- EXTRACTED ENTRIES

__________________________________________________

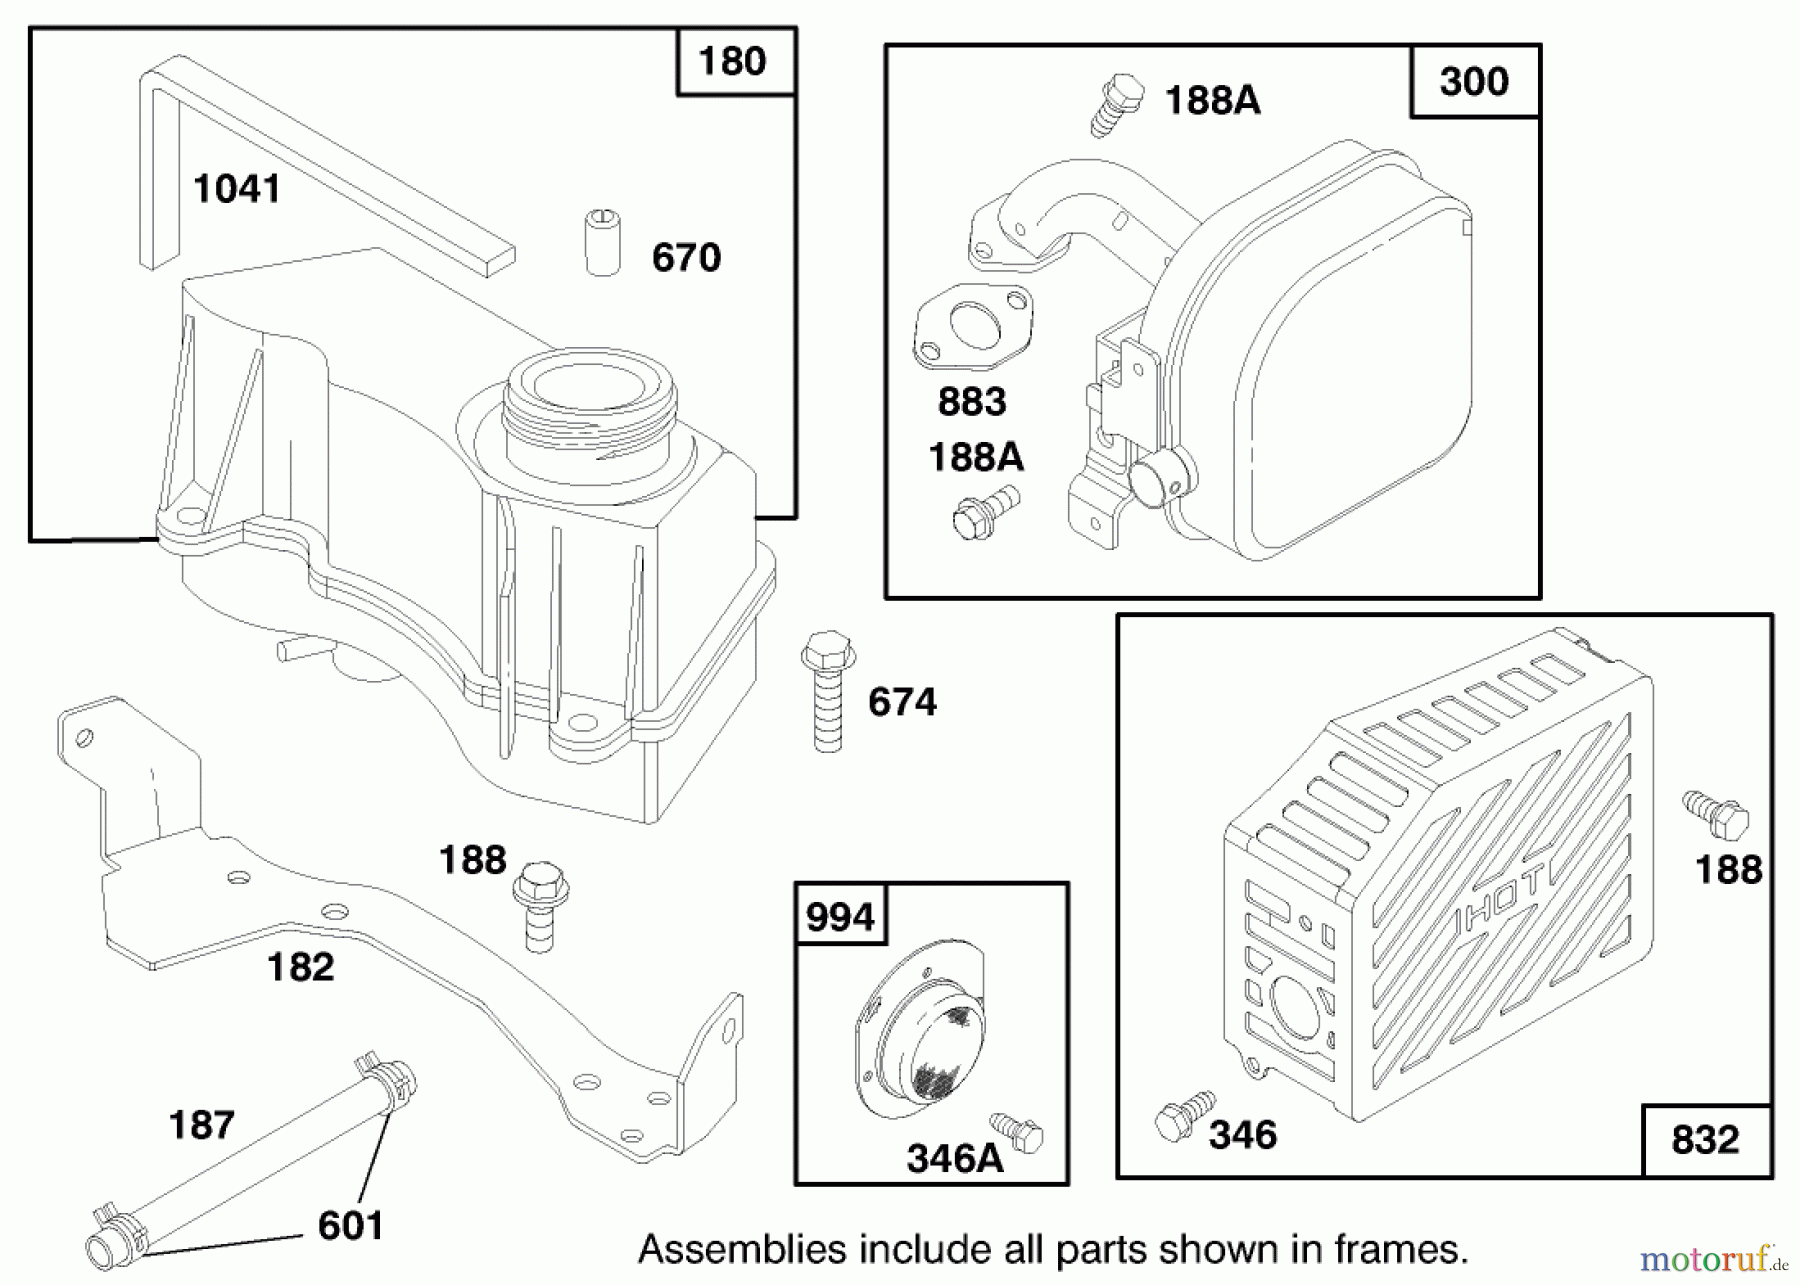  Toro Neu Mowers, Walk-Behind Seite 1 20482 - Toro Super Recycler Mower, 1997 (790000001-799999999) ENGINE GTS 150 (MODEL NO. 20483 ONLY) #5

__________________________________________________

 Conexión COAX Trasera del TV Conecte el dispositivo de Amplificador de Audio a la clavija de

__________________________________________________

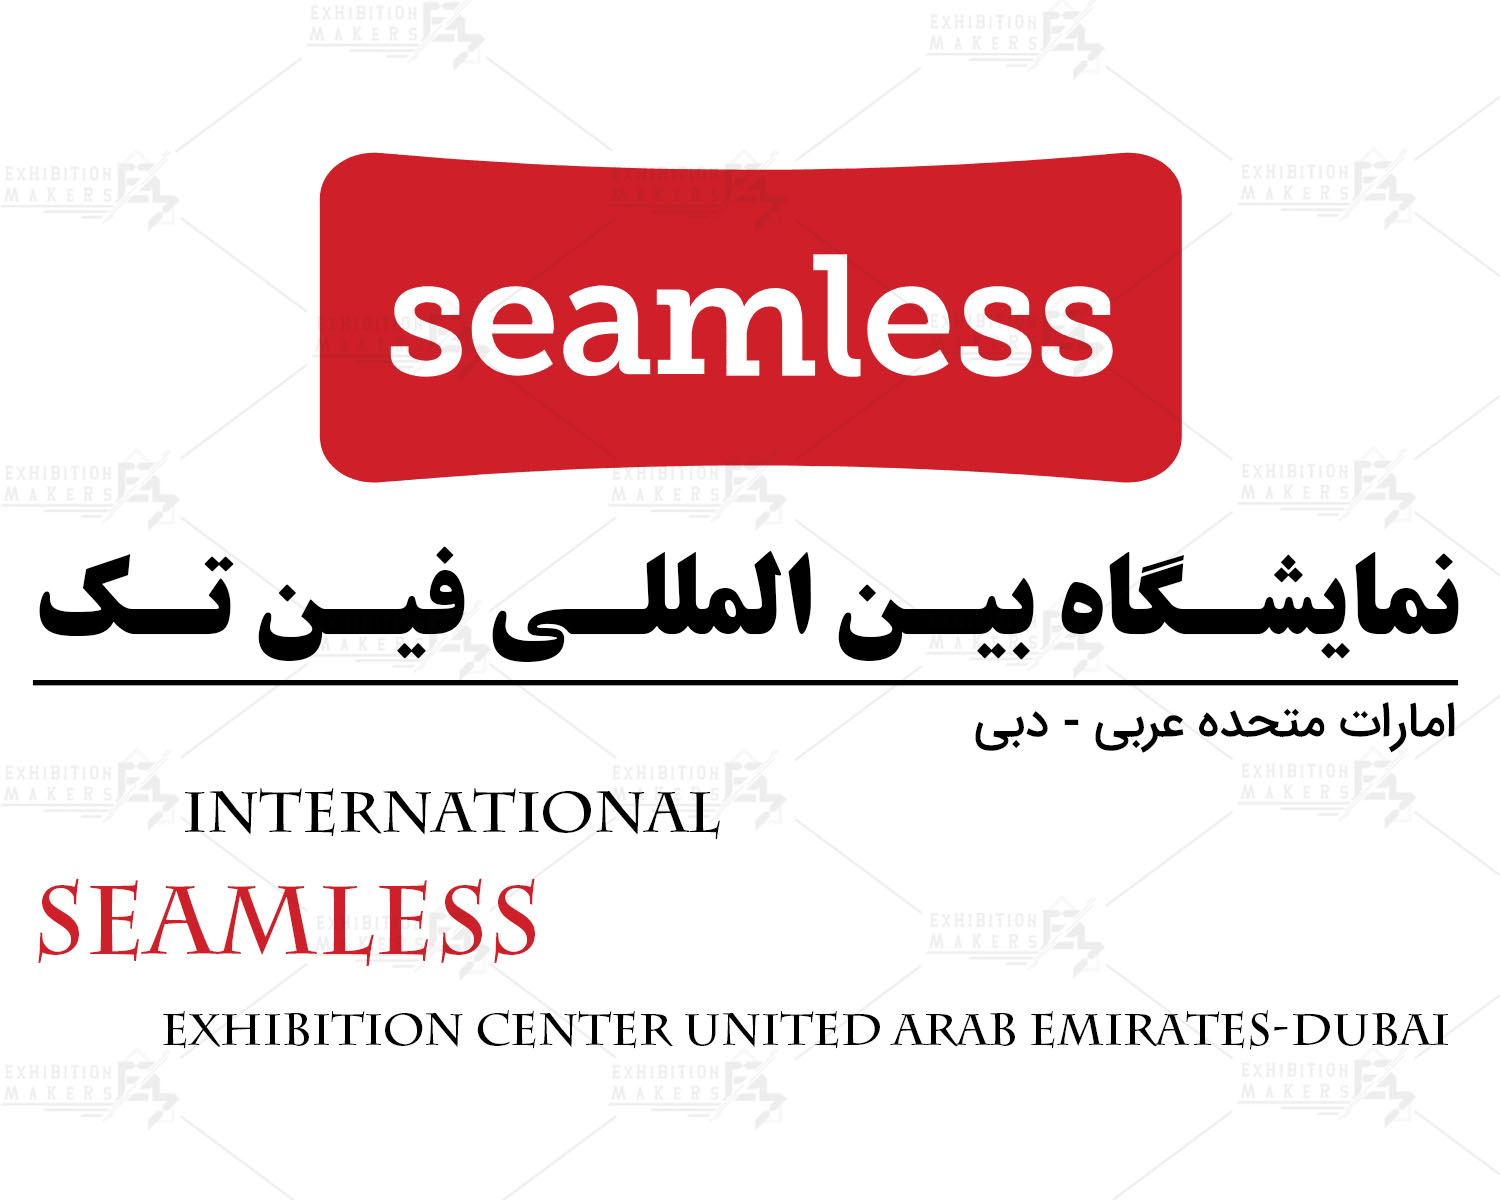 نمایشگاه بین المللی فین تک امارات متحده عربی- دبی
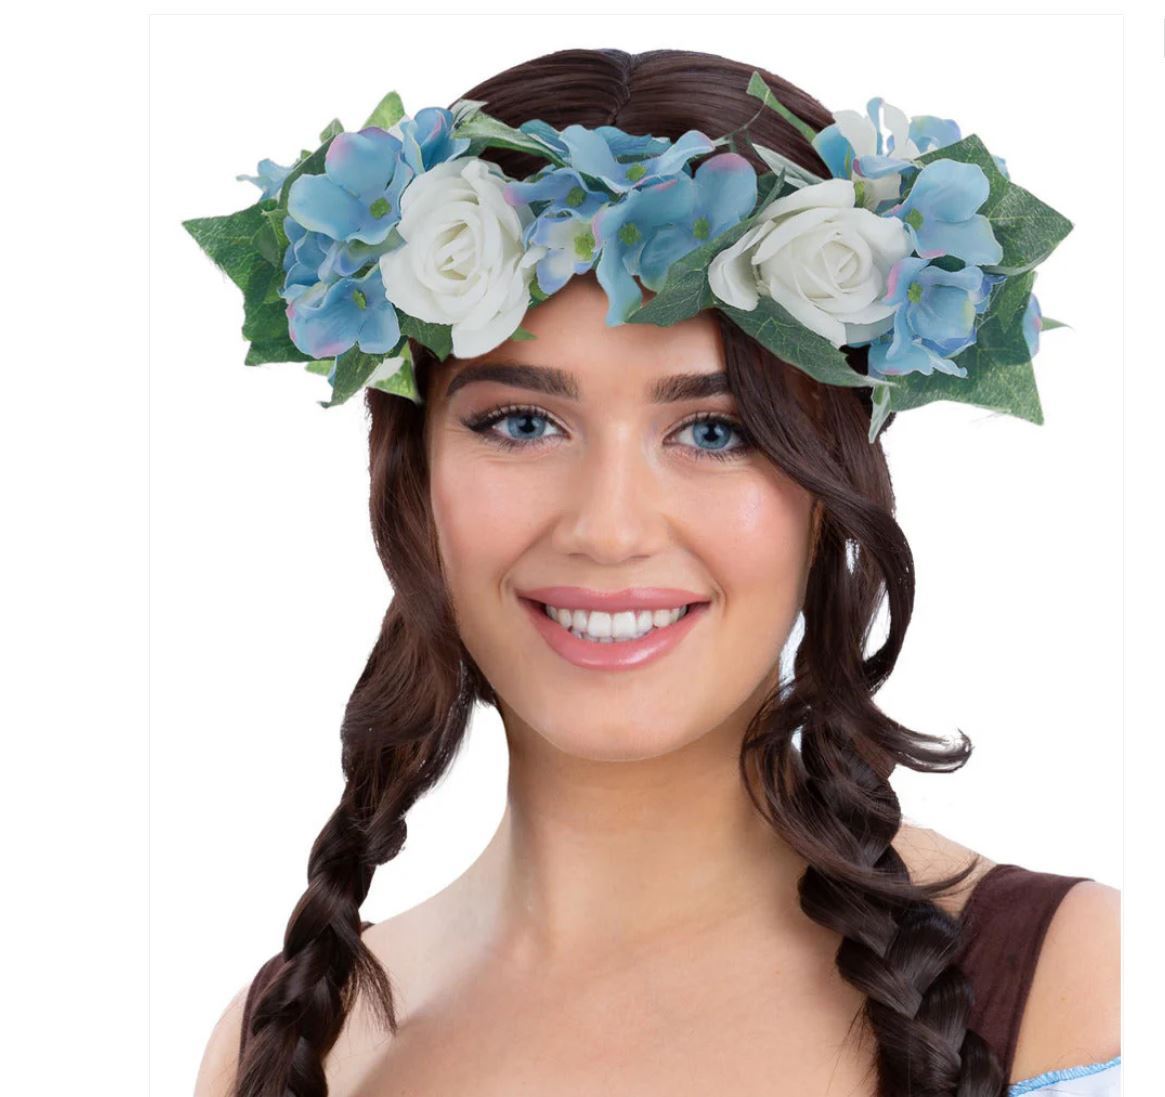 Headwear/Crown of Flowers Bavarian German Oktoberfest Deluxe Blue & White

__________________________________________________

- ACTION ITEM
In the listing above, find the line containing "نمایشگاه بین المللی". Output it and every line after it up to and including the line containing "Headwear/Crown of Flowers", exactly, but skip the pictures.

- EXERCISE RESULT
 نمایشگاه بین المللی فین تک امارات متحده عربی- دبی
 Headwear/Crown of Flowers Bavarian German Oktoberfest Deluxe Blue & White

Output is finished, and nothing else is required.